Betrayal of Arab Leadership: Trump Enables Israeli Colonization While Claiming Opposition
Executive Summary
Ceasefire in Collapse: Israel’s Systematic Violations, West Bank Annexation Expansion, and the Unraveling of Trump’s Gaza Peace Plan
The ceasefire that commenced on October 10, 2025, between Israel and Hamas has mainly become performative, with the fragile agreement deteriorating under the weight of systematic violations by both parties and fundamental strategic incompatibilities that render the Trump administration’s phase two—designed to achieve Hamas disarmament and Israeli withdrawal—virtually impossible. While Palestinian authorities document 875 ceasefire violations by Israeli forces resulting in over 400 deaths since October, the Israeli military simultaneously chronicles 64 violations by Hamas-aligned groups, with the core dispute now centering on the return of a single deceased hostage whose body appears to be leveraged as political leverage.
More significantly, the Israeli government has undertaken an aggressive simultaneous campaign of West Bank settlement expansion and legalization of 19 unauthorized outposts, contradicting Trump’s explicit public statements rejecting annexation and revealing a troubling contradiction between the Trump administration’s diplomatic messaging and its apparent tacit coordination with Israeli settlement policy.

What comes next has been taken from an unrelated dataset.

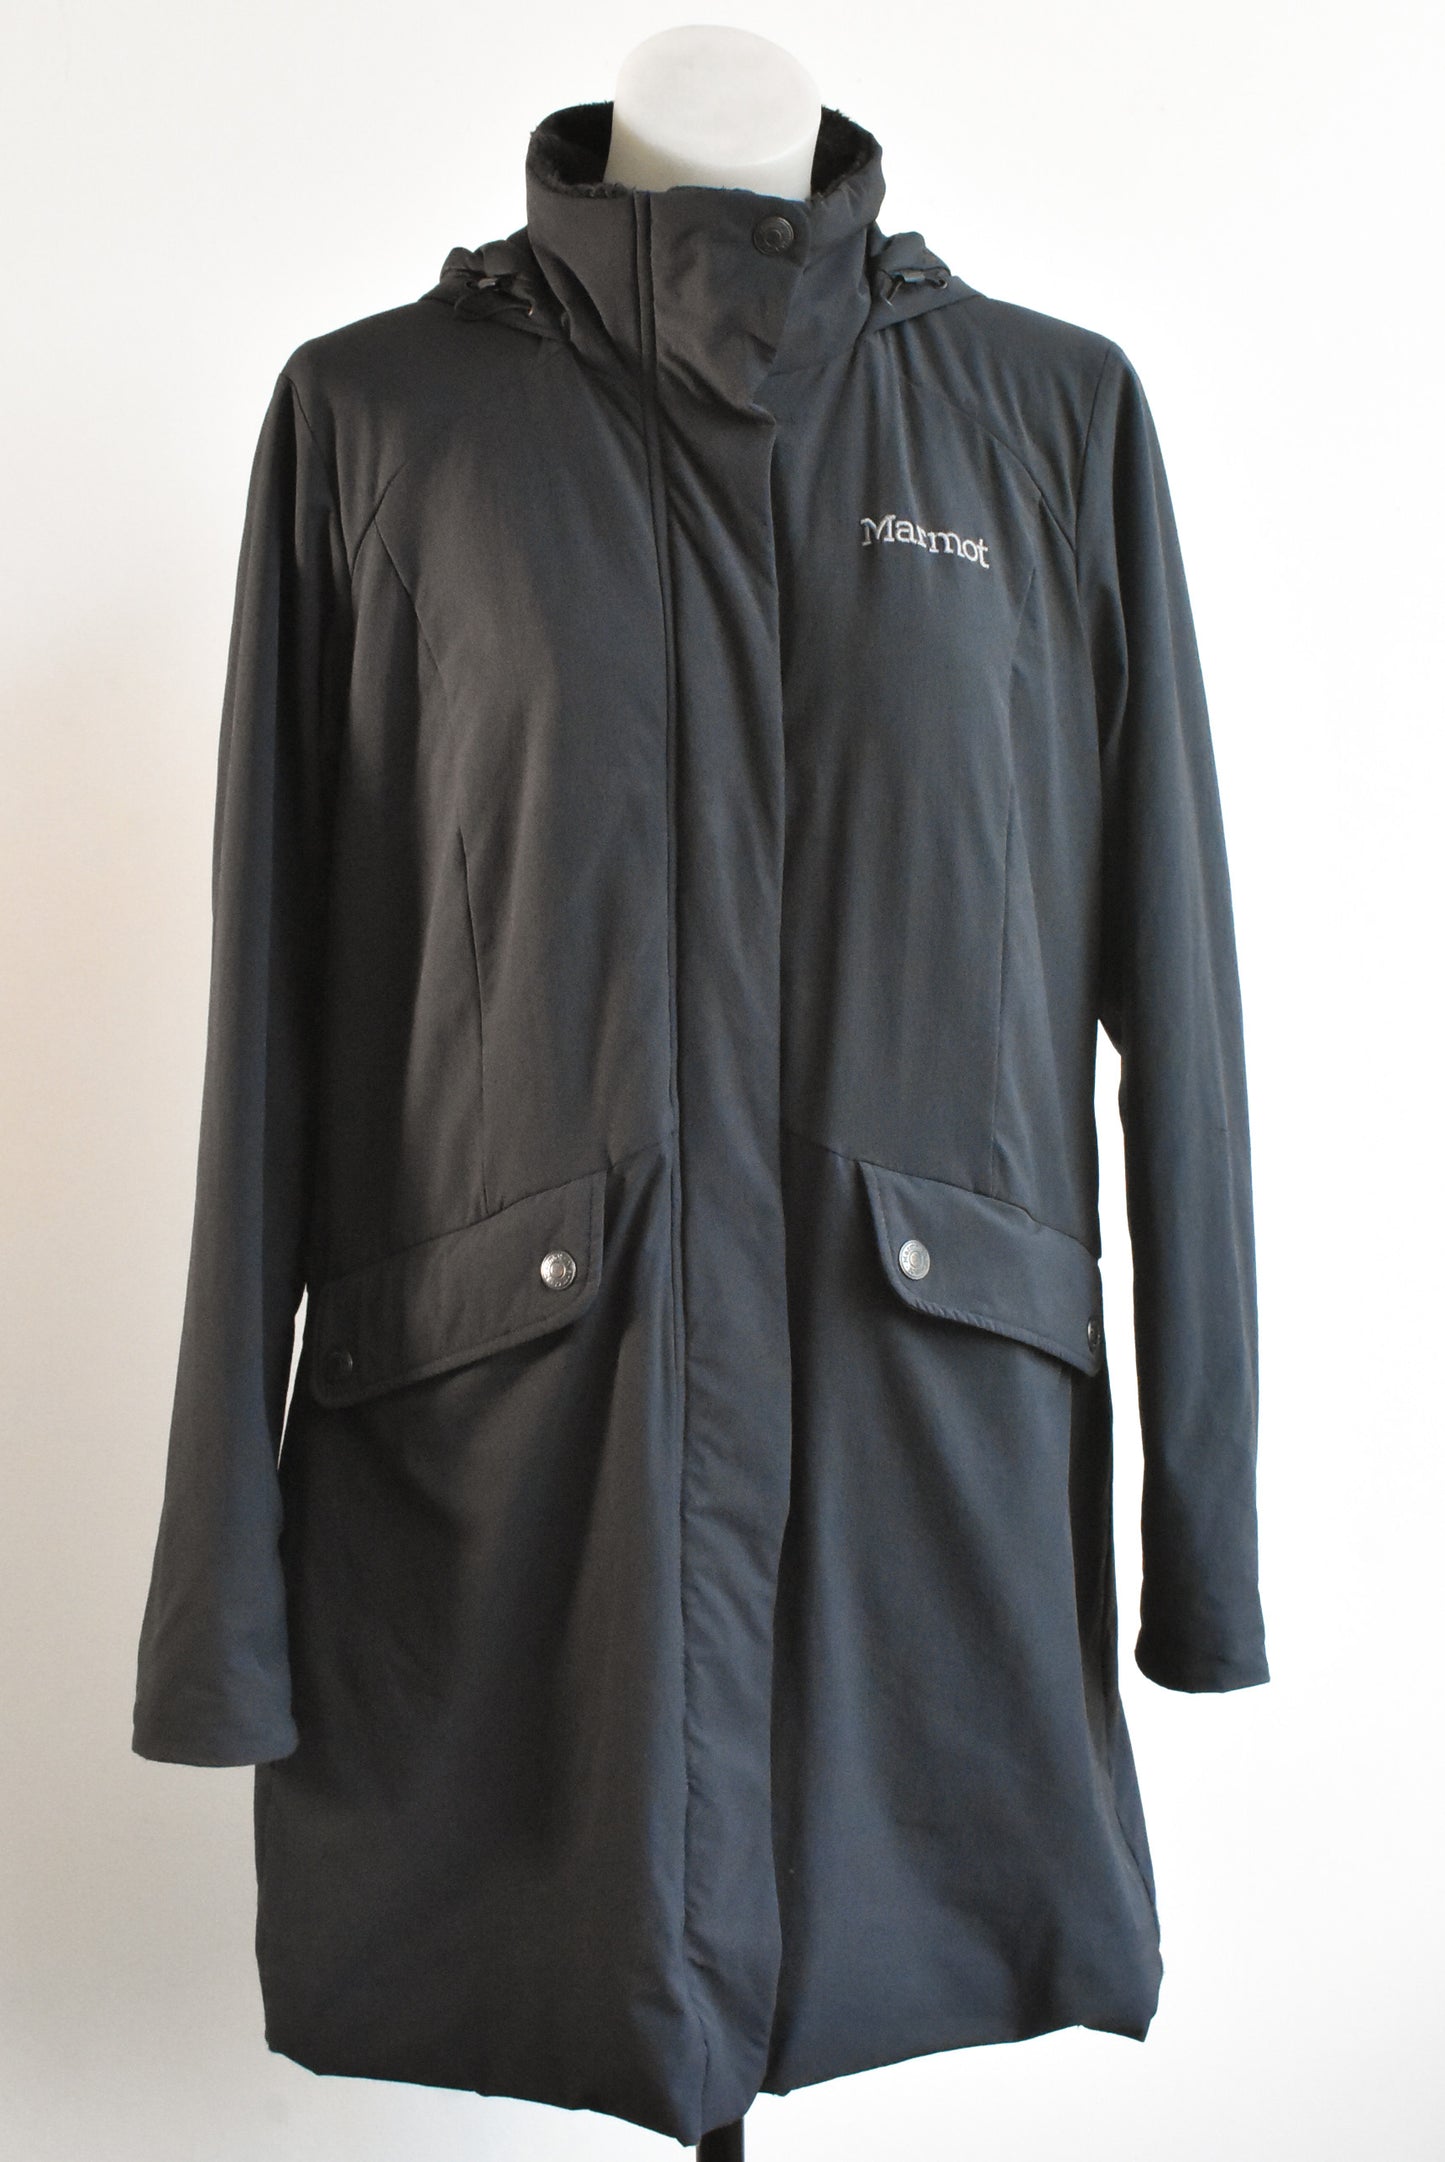 Marmot hooded jacket, size XL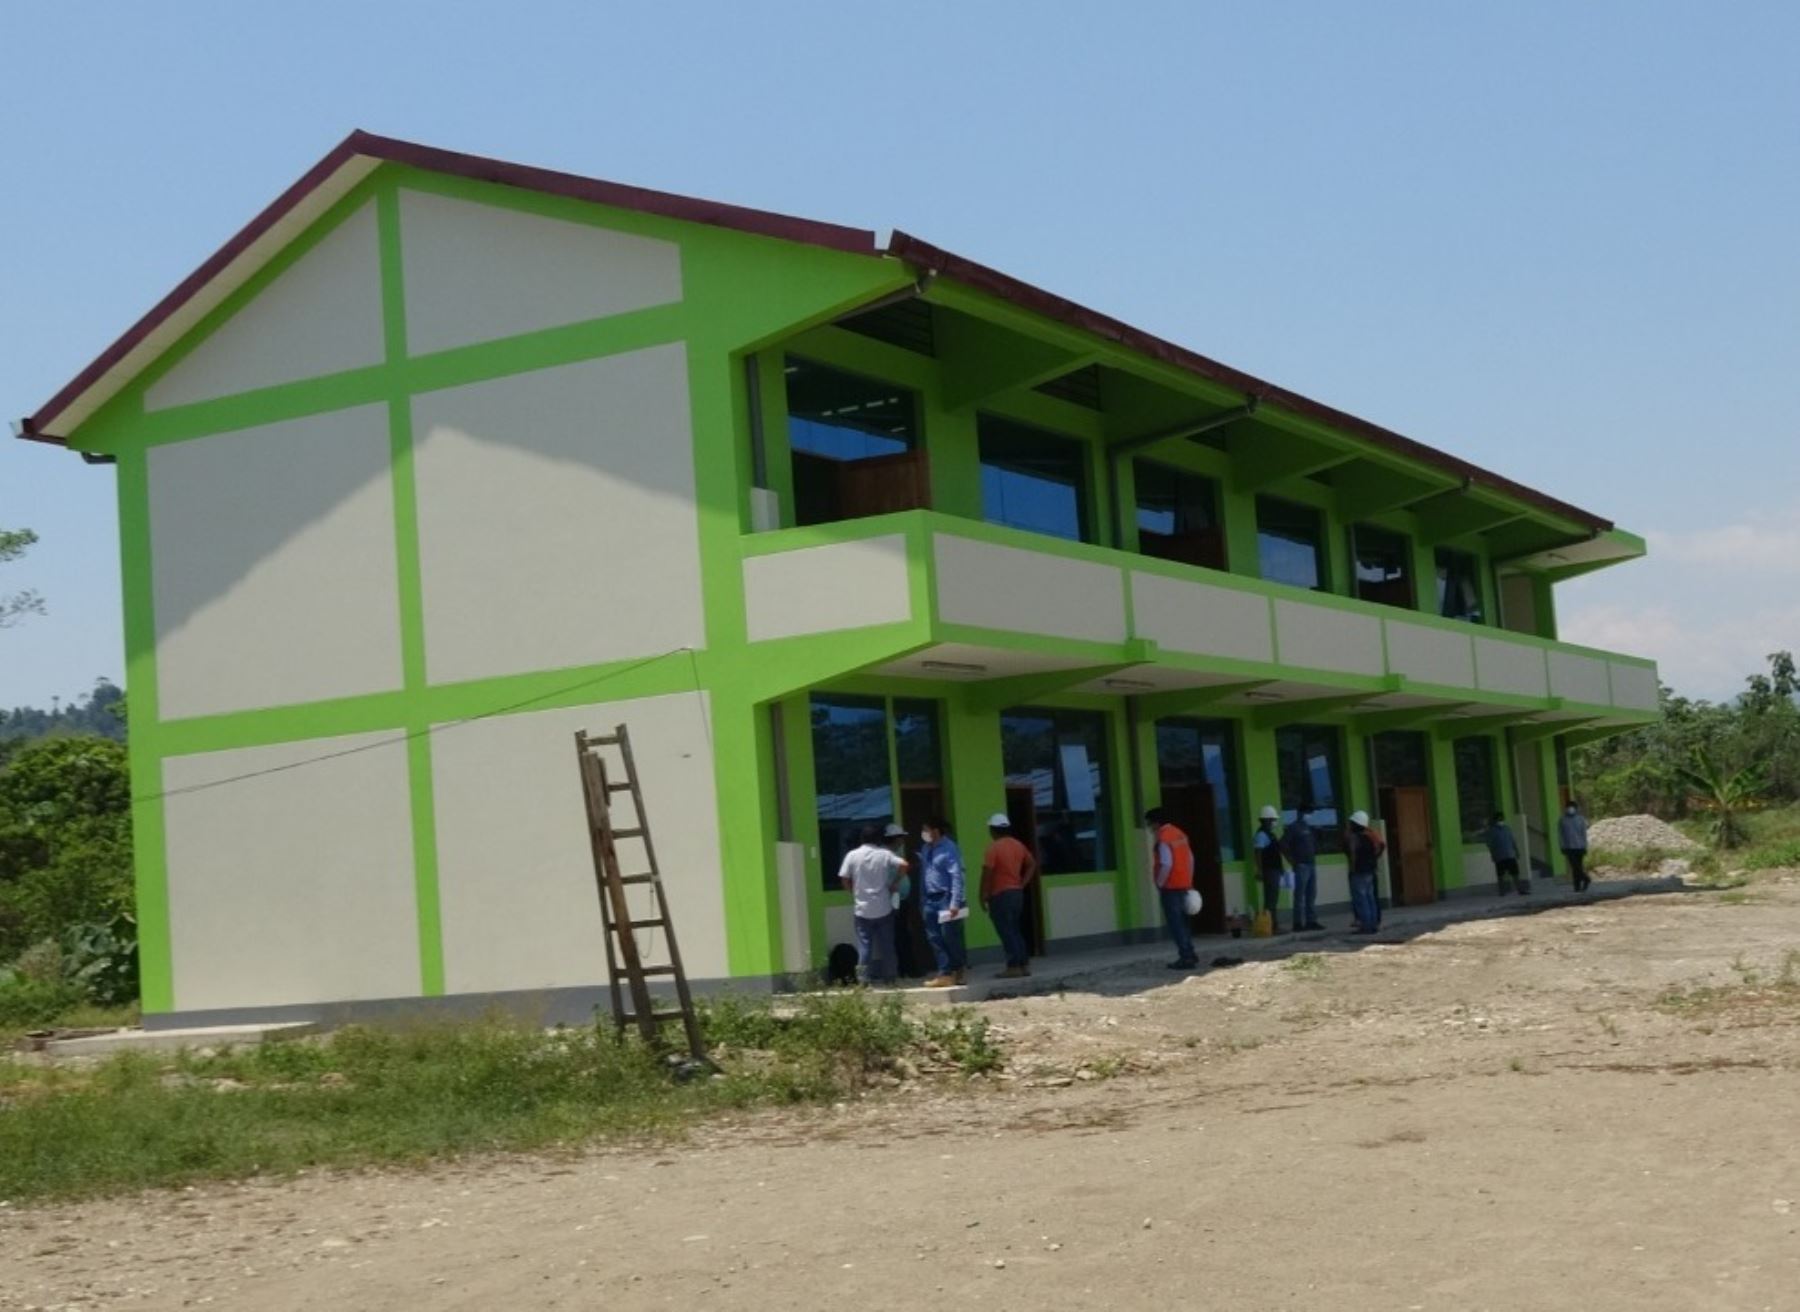 Municipalidad de Pangoa entrega nuevo colegio en comunidad indígena asháninka Yaviro, ubicada en ese distrito, que beneficia a más de 200 estudiantes de nivel secundario.

Defense Minister Israel Katz’s December 23 declaration that Israel would never leave Gaza and would establish settlements there, followed by a forced walkback, crystallizes the profound gap between stated ceasefire obligations and actual Israeli strategic intentions. With the Netanyahu-Trump meeting scheduled for December 29, the ceasefire faces a critical juncture. Either the fundamental grievances propelling both sides toward renewed conflict will be addressed, or the agreement will remain a hollow performance masking an essentially unchanged occupation and military reality.
Introduction
The Phantom Ceasefire: Why Trump’s Gaza Peace Plan Is Already Dead
For over two years, Israel waged what international observers characterized as a devastating military campaign against Gaza, resulting in more than 70,000 Palestinian deaths and the destruction of approximately ninety percent of the territory’s infrastructure. The October 10, 2025, ceasefire, brokered under the Trump administration’s twenty-point peace framework, was intended to establish a pathway toward Hamas disarmament, Israeli military withdrawal, and the establishment of technocratic Palestinian governance.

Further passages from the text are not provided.